Catch-up vaccination is also recommended for all children and adolescents up to age 15 who have not previously been vaccinated, as well as for certain individuals at increased risk: travelers to certain high-risk countries, newborns of mothers with the HBs antigen in their blood, people who have sex with multiple partners, people who use drugs by injection or snorting… Vaccination is also mandatory in certain professions, particularly healthcare workers

There is currently no specific vaccine against the hepatitis D virus, but vaccination against hepatitis B provides protection against hepatitis D. In the absence of a specific means of preventing HDV superinfection, the only protection lies in primary prevention (hygiene and preventive measures related to the mode of transmission).

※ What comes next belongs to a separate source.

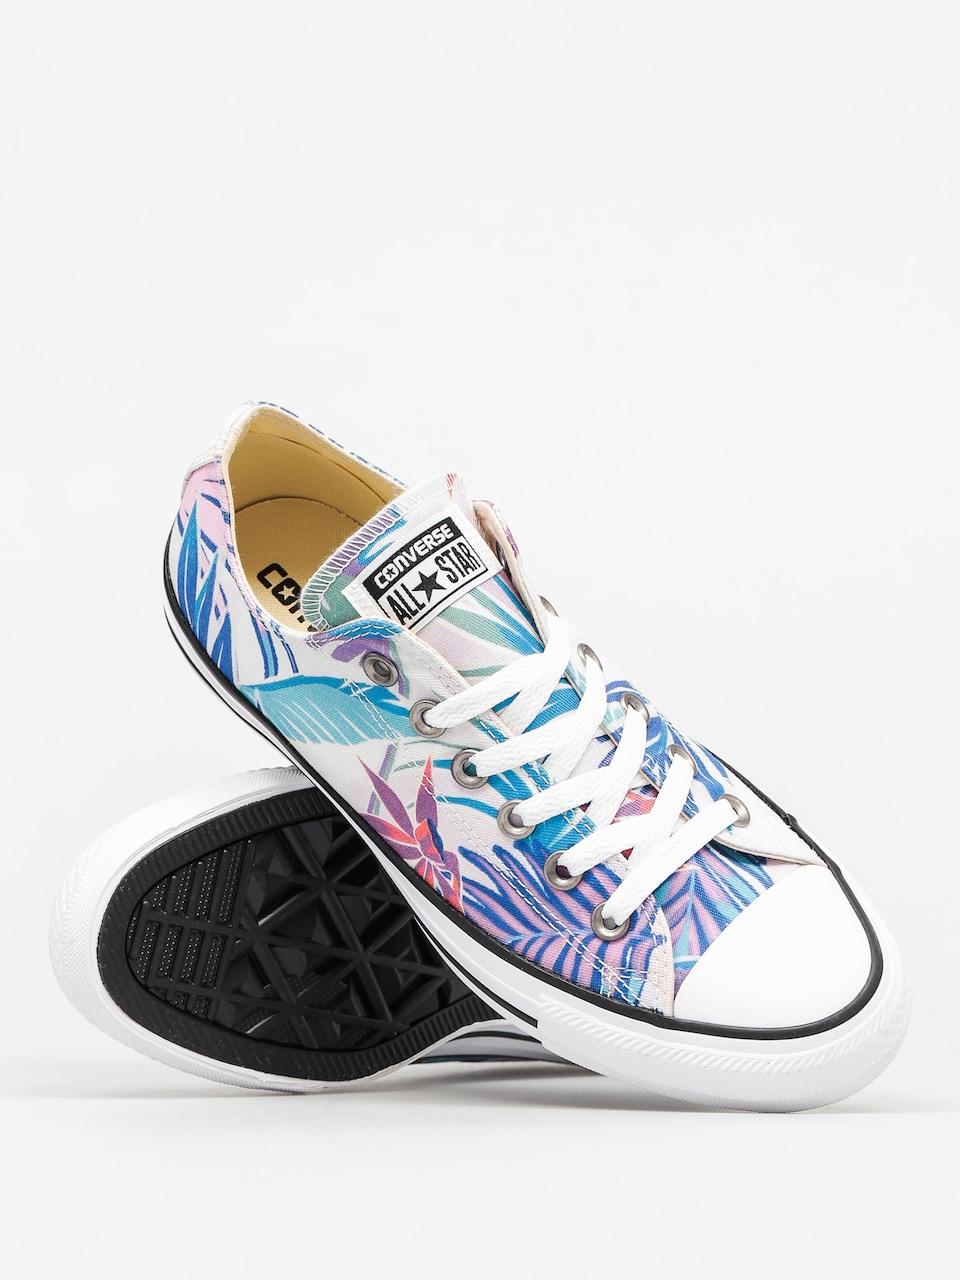 Sneakers CONVERSE Ctas Ox 155396C Fresh CyanMagenta GlowWhite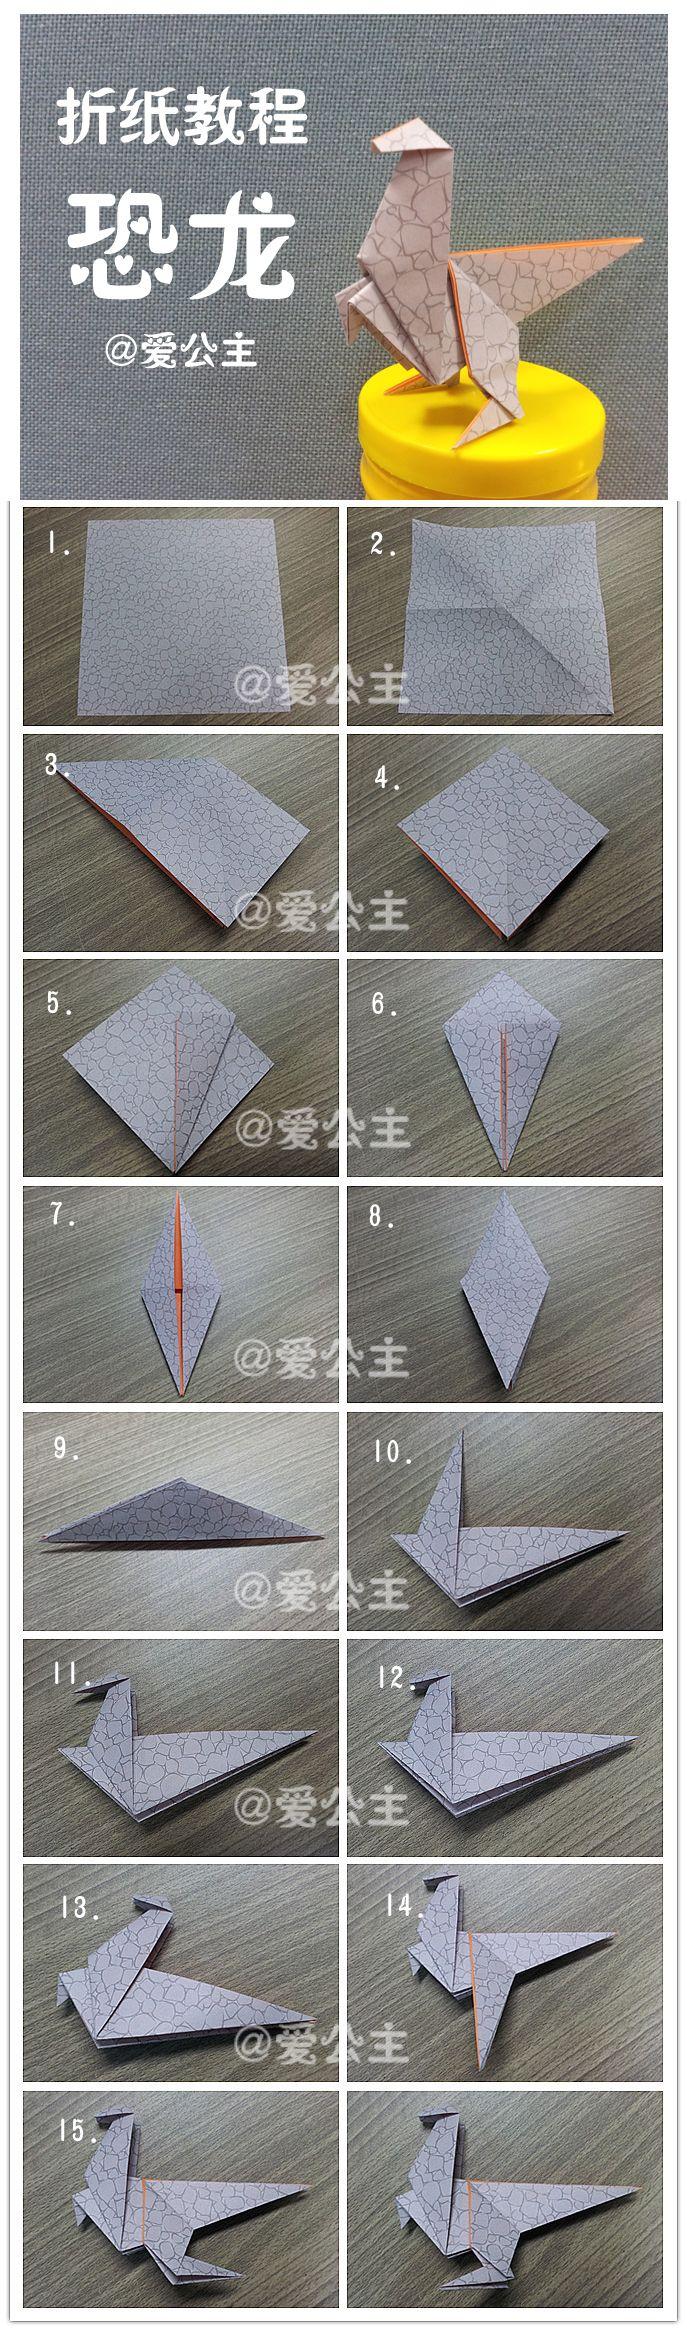 tuto pliage dinosaure en papier origami  https://www.youtube.com/watch?v=VUfaKEYchgg

Screening of at-risk individuals

Apart from mandatory screening for pregnant women and blood donors, the screening strategy for hepatitis B virus infection is not clearly defined. Screening targeted at individuals at risk of exposure to HBV is recommended.
Indeed, many people are unaware of their HBV serostatus, as only 17.5% (95% CI: 4.9–46.4) of chronic hepatitis B carriers were aware of their infection in 2016.
Screening enables the management of infected individuals. It also allows for the vaccination of those who are not immune and for whom vaccination is indicated.

Current treatments do not cure the infection but help control it

Hepatitis B treatment relies on two classes of drugs: interferon α and nucleoside or nucleotide analogs. These treatments do not achieve complete viral clearance but only inhibit viral replication.

There is no specific effective treatment for hepatitis D.

International regional disparities

Internationally, there are broadly three zones of chronic hepatitis B prevalence (HBsAg carriage), corresponding to different modes of transmission and risk levels:

• A highly endemic region with an HBsAg carrier prevalence of ≥8% (Sub-Saharan Africa, Southeast Asia, Southern China, the Amazon Basin), where the majority of infections are acquired at birth or during the first years of life

• An area of moderate endemicity with an HBsAg prevalence between 2% and 7% (the Middle East, Central and South America, Central Asia, the Indian subcontinent, certain countries in Southern and Eastern Europe), where infection occurs at all ages;

• A low-endemic zone with an HBsAg prevalence of less than 2%, comprising primarily industrialized countries (Western and Northern Europe, North America, Australia), where infection occurs mainly in adulthood, primarily through sexual transmission.

France is classified as a low-endemic country for the hepatitis B virus. There are regional and departmental variations.